Multiple bool-should-match phrase query optimization

Hello all, we are now query elasticsearch to get exactly documents which have ID should match one in the ID array. It's smiliar to the following SQL query:

SELECT * FROM myindex WHERE transaction_id IN (id1, id2, id3)

translate it to Elasticsearch Query:

{
	"from": 0,
	"size": 10000,
	"query": {
		"bool": {
			"must": {
				"bool": {
					"should": [
						{
							"match": {
								"transaction_id": {
									"query": "a",
									"type": "phrase"
								}
							}
						},
						{
							"match": {
								"transaction_id": {
									"query": "b",
									"type": "phrase"
								}
							}
						},
						{
							"match": {
								"transaction_id": {
									"query": "c",
									"type": "phrase"
								}
							}
						}
					]
				}
			}
		}
	}
}

However, with ~136 million document (continue growing) and size of the ID array is ~5000, this query come extremely slow.
Any suggestion to optimize this?

The terms query (docs) is designed to match one of many terms. Have a look at that one. It isn't analyzed and doesn't support phrase queries, only single terms, but it might help here if you can use it.

1 Like

I was profile both queries using profile API and it seems to be they are identical. Confused now :frowning:

Terms query rewrites to a bool query with a bunch of should clauses if
there are fewer than a certain never of terms iirc.

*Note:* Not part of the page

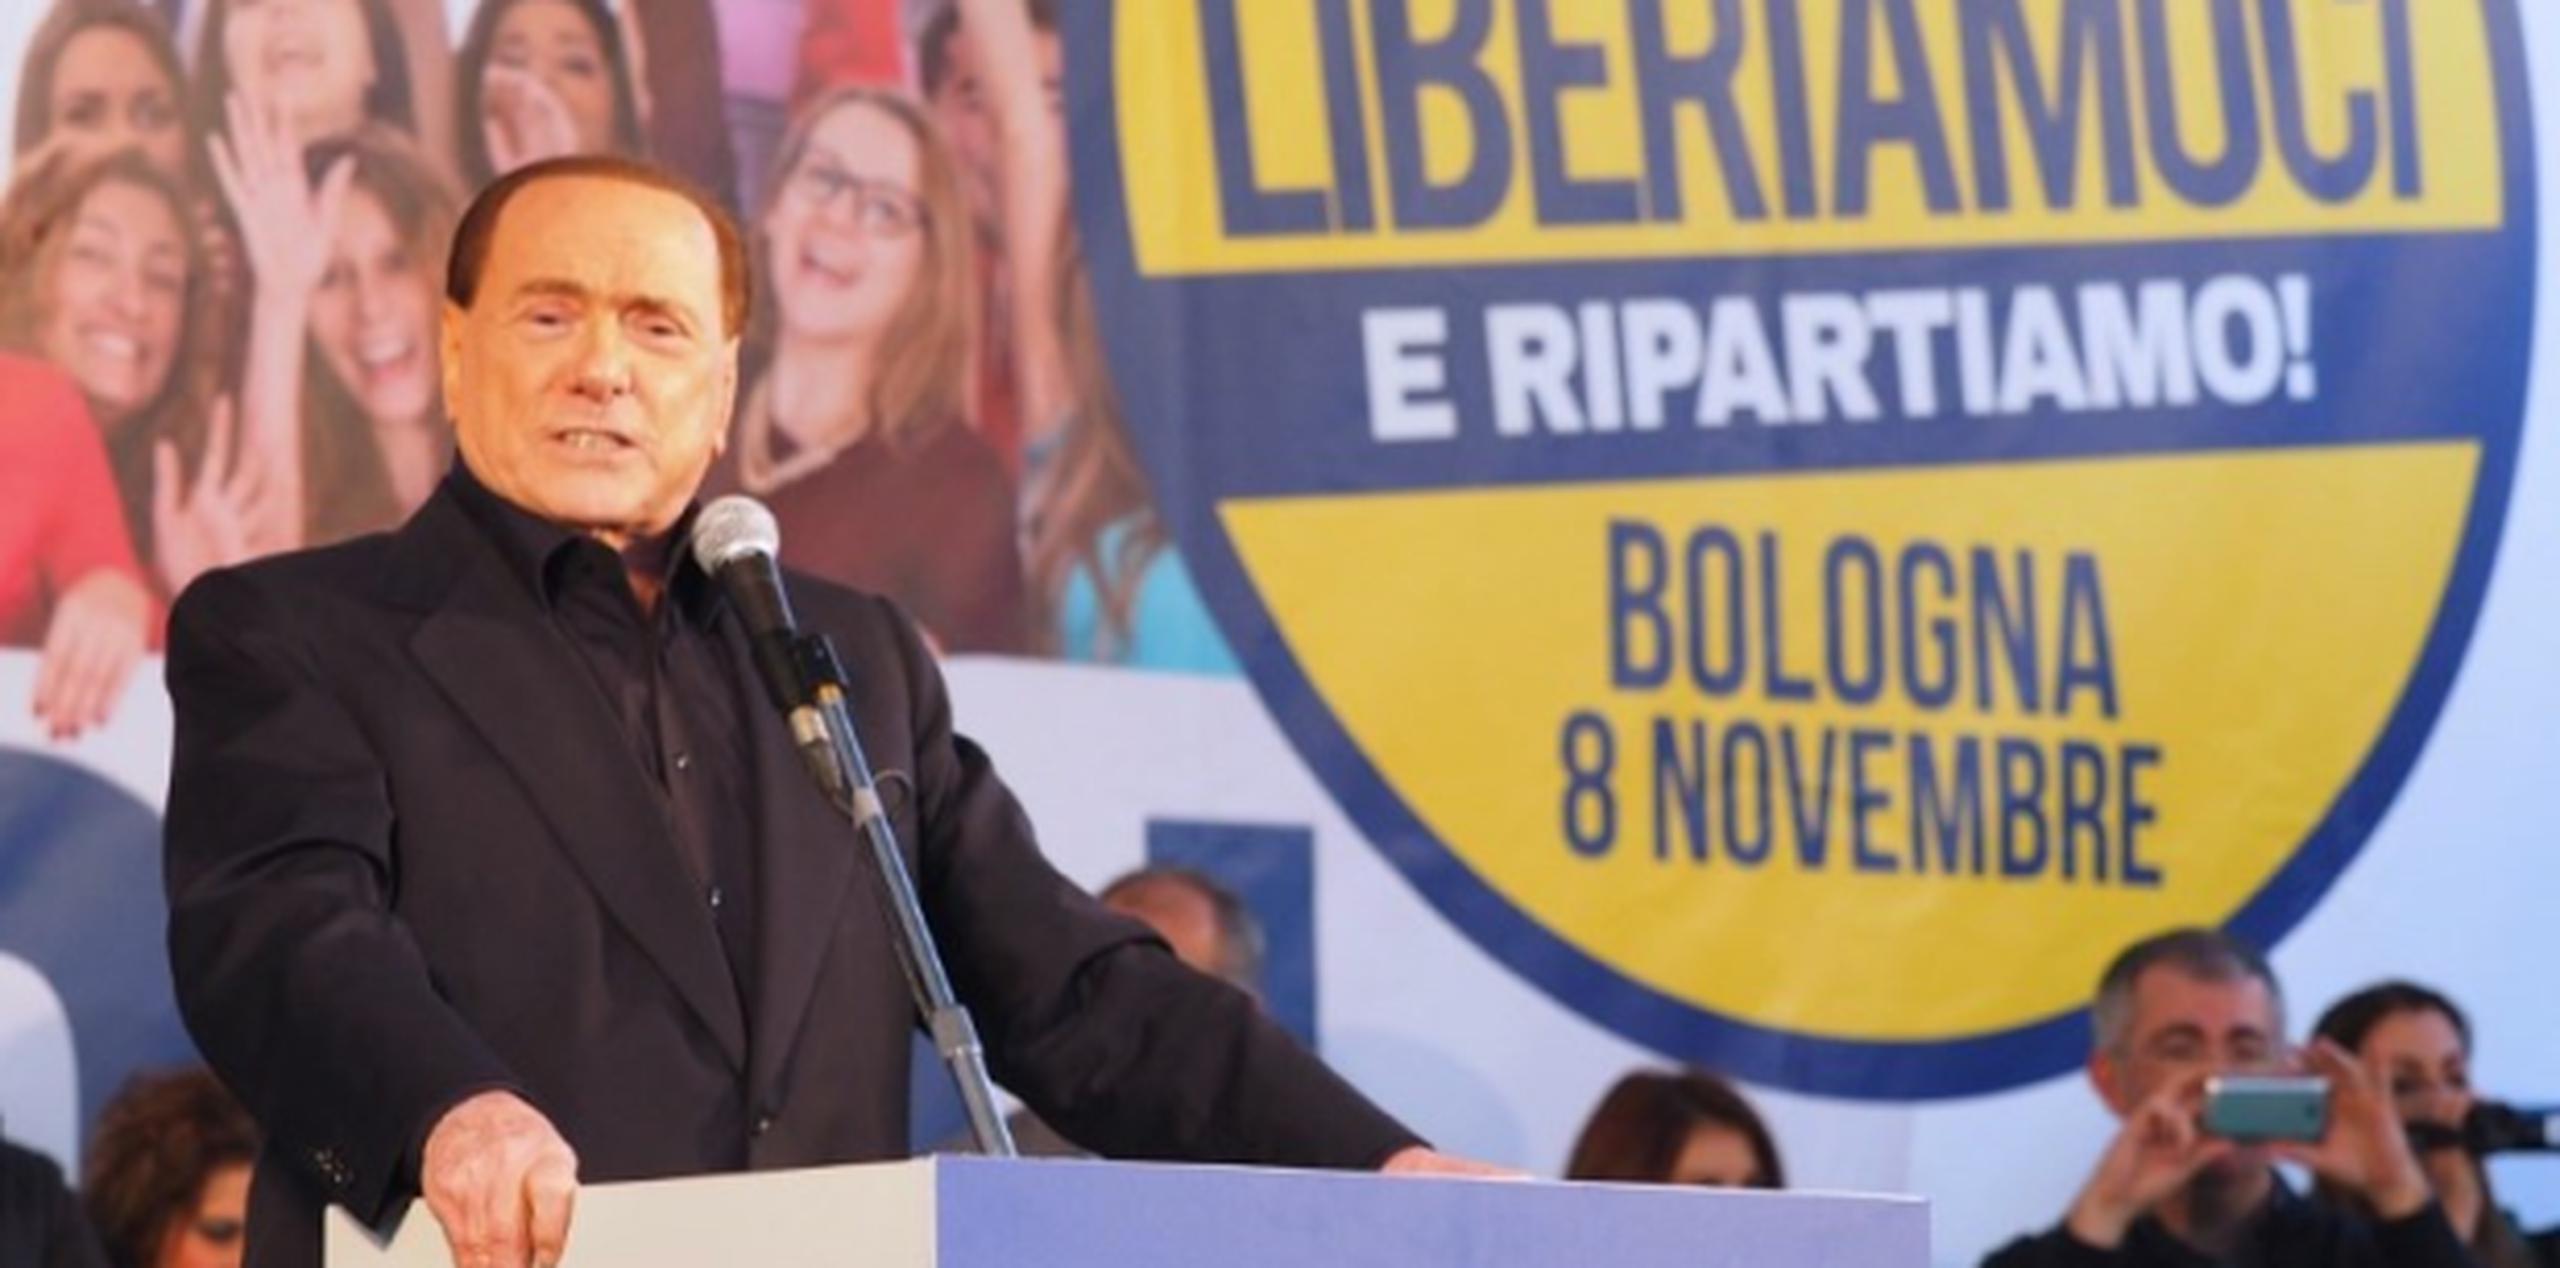 Berlusconi trata de regresar al poder a pesar de que fue procesado judicialmente por fraude fiscal durante su gobierno. (AFP)

Thank you :smiley: So what happens if there are many terms? Can you guide me to some resources about this?

@nik9000 I was test with 1056 difference term in one query, from profile API I can see that it still rewrite to many of should clauses.

how about using multi-match?
{
"query":{
"multi_match": {
"query": q,
"fields": ["transaction_id"],
"type": "cross_fields",
}
}
}

This topic was automatically closed 28 days after the last reply. New replies are no longer allowed.